Firstly, it is clear that the function of review of an ICSID ad hoc committee should be akin to that of a national court before which a challenge of a non-ICSID arbitration award is brought. Besides the three ICSID proceedings, as mentioned above, Argentina also sought vacatur of an UNCITRAL award in AWG before the District Court for the District of Columbia with the same ground that Prof. Kaufmann-Kohler’s participation constituted improper composition of the tribunal.2) Decision of the US District Court for the District of Columbia on Argentina’s Petition to Vacate the Arbitral Award, 30 September 2016; Judgment of the United States Court of Appeals for the District of Columbia, 3 July 2018 Unlike the ICSID committees, both the DC district court and then the Court of Appeals adjudicated this particular issue by analyzing the factual background and came to decision on their own, not depending on whether or not the arbitral award was ‘plainly unreasonable’. The question is why an ad hoc committee and a national court performed in two different ways. From author’s view, there would be no reason for them to perform differently, given that they had the same function to decide on an annulment request raised by the same party, with very similar set of facts, based on substantively same grounds under Article 52(1)(2) ICSID Convention and § 10(a)(2) Federal Arbitration Act, which is challenge of an award due to improper constitution of tribunal. The question now is which way is more appropriate.

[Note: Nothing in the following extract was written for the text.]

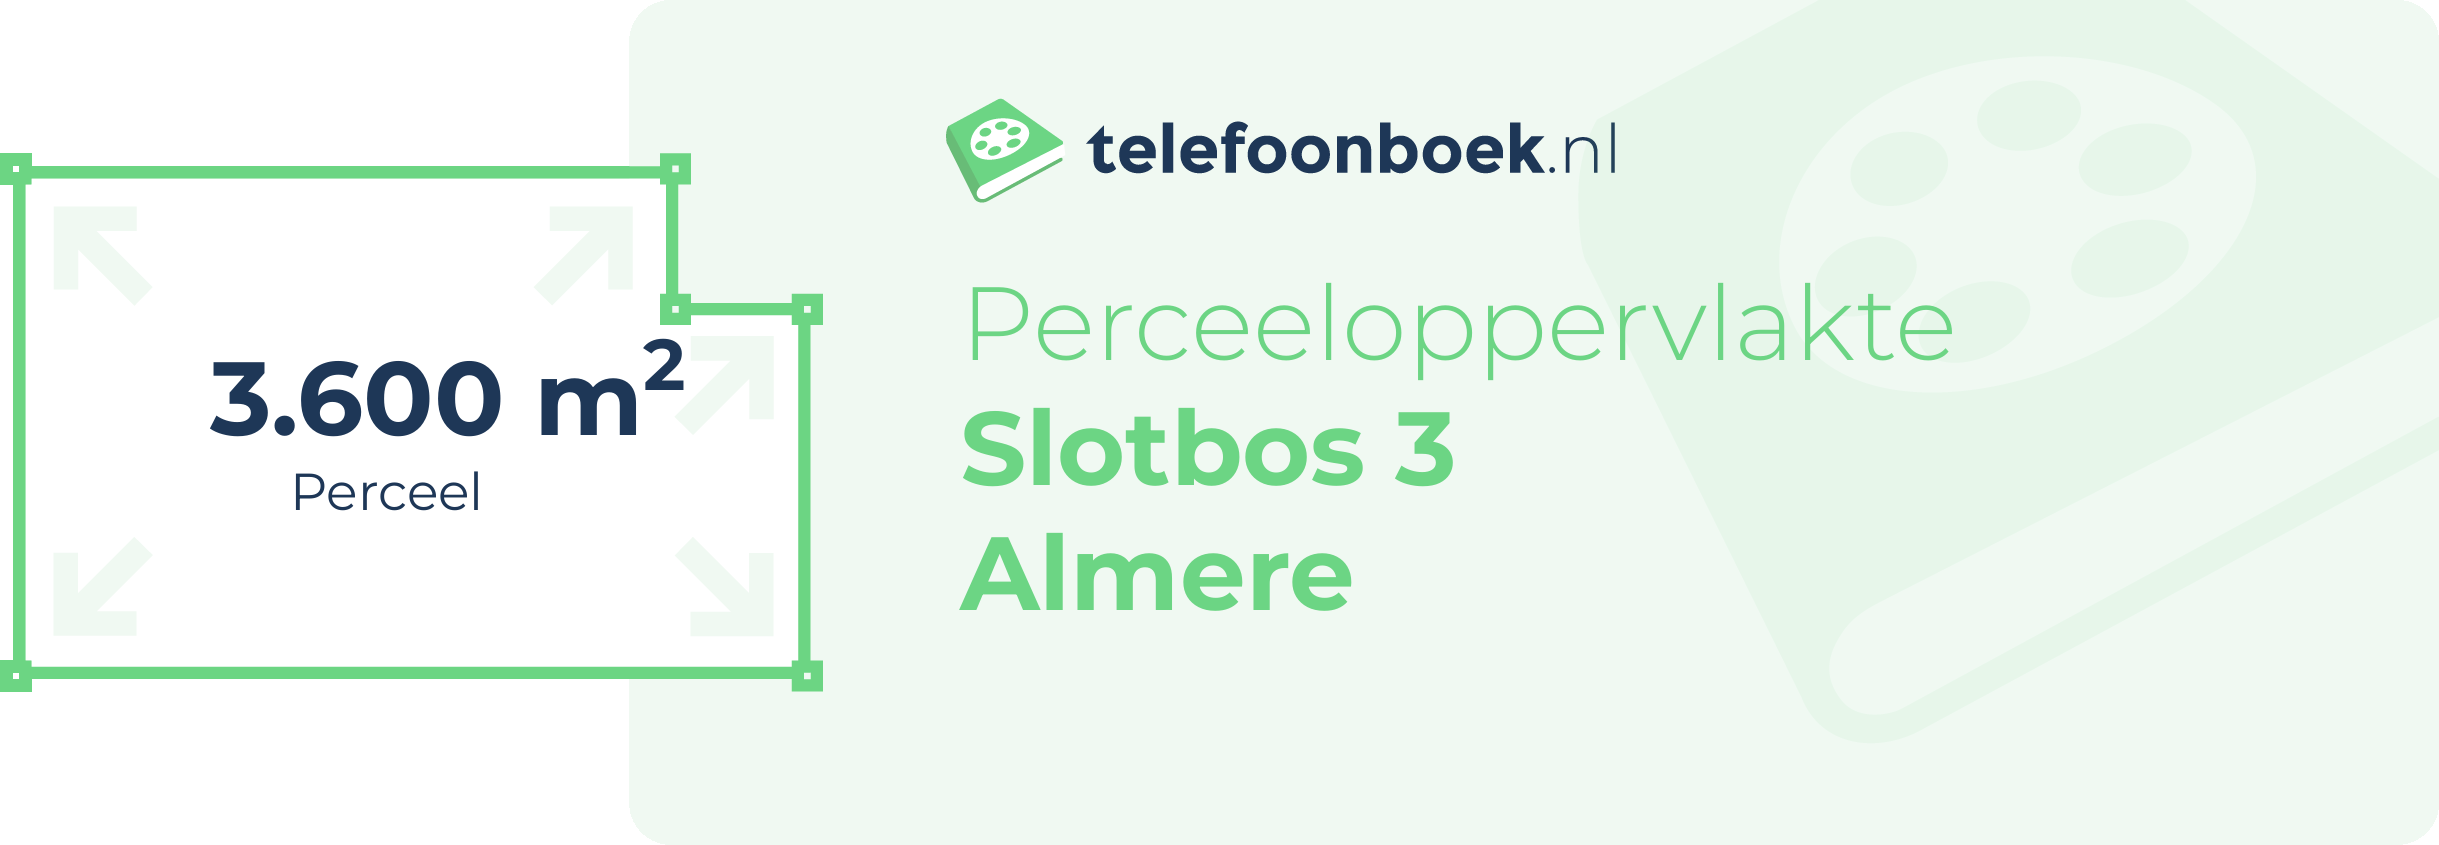 Perceeloppervlakte Slotbos 3 Almere

Secondly, if the approach of three ICSID committees is more appropriate, how should Article 52(1)(a) be interpreted? Article 52(1)(a) enunciates:

“Either party may request annulment of the award […] on one or more of the following grounds:

(a) that the Tribunal was not properly constituted”.

Words matter. There is clearly no implication of a limited scope of review under this provision. When a party raises request, the committee shall decide de novo on its own whether or not to set aside the award based on the party’s request, not on whether there is another tribunal that comes with the same conclusion. If the committee’s decision depends on other decisions that much, then what is the role of Article 52 in such circumstances?

Finally, all three ad hoc Committees never answered the question raised by Argentina: how did the members of the Committee come to the conclusion not consider the annulment of award relating to disqualification of an arbitrator unless the tribunal’s decision was “so plainly unreasonable that no reasonable decision-maker could come to such a decision”, since this requirement is not expressly spelled out in Article 52(1)(a) nor anywhere else in the ICSID Convention? The Committees reasoned that they performed the function of an annulment committee, not of an appellate body. If the scope of review was so wide as to re-consider the merits of a decision, an ad hoc committee would be turned into an appellate body and thus it would be inconsistent with the limited scope of annulment under the ICSID Convention.3) Decision on Annulment (5 February 2016) in EDF International SA and Others v. Argentine Republic (ICSID ARB/03/23), para. 145 However, the distinction between annulment and appeal consists of two elements: the result of the process and the aspects of the decision under review.4) Christoph H. Schreuer, ‘The ICSID Convention: A Commentary’ (Cambridge University Press, 2009), p. 901. First, the result of annulment is the invalidation of the original decision while the result of a successful appeal is its modifications. In this case, Argentina clearly did not request the committees to modify the decisions but to invalidate them. Secondly, annulment is not concerned with substantive correctness of the decision while appeal is, and annulment does not provide the challenging party an opportunity to raise new arguments on the merits or introduce new evidence. However, Argentina asked for none of these. Argentina asked the committees to set aside the decisions based on one of fundamental standards listed exhaustively in Article 52(1) and, therefore, the distinction made by the tribunals between annulment and appeal was not relevant in this context.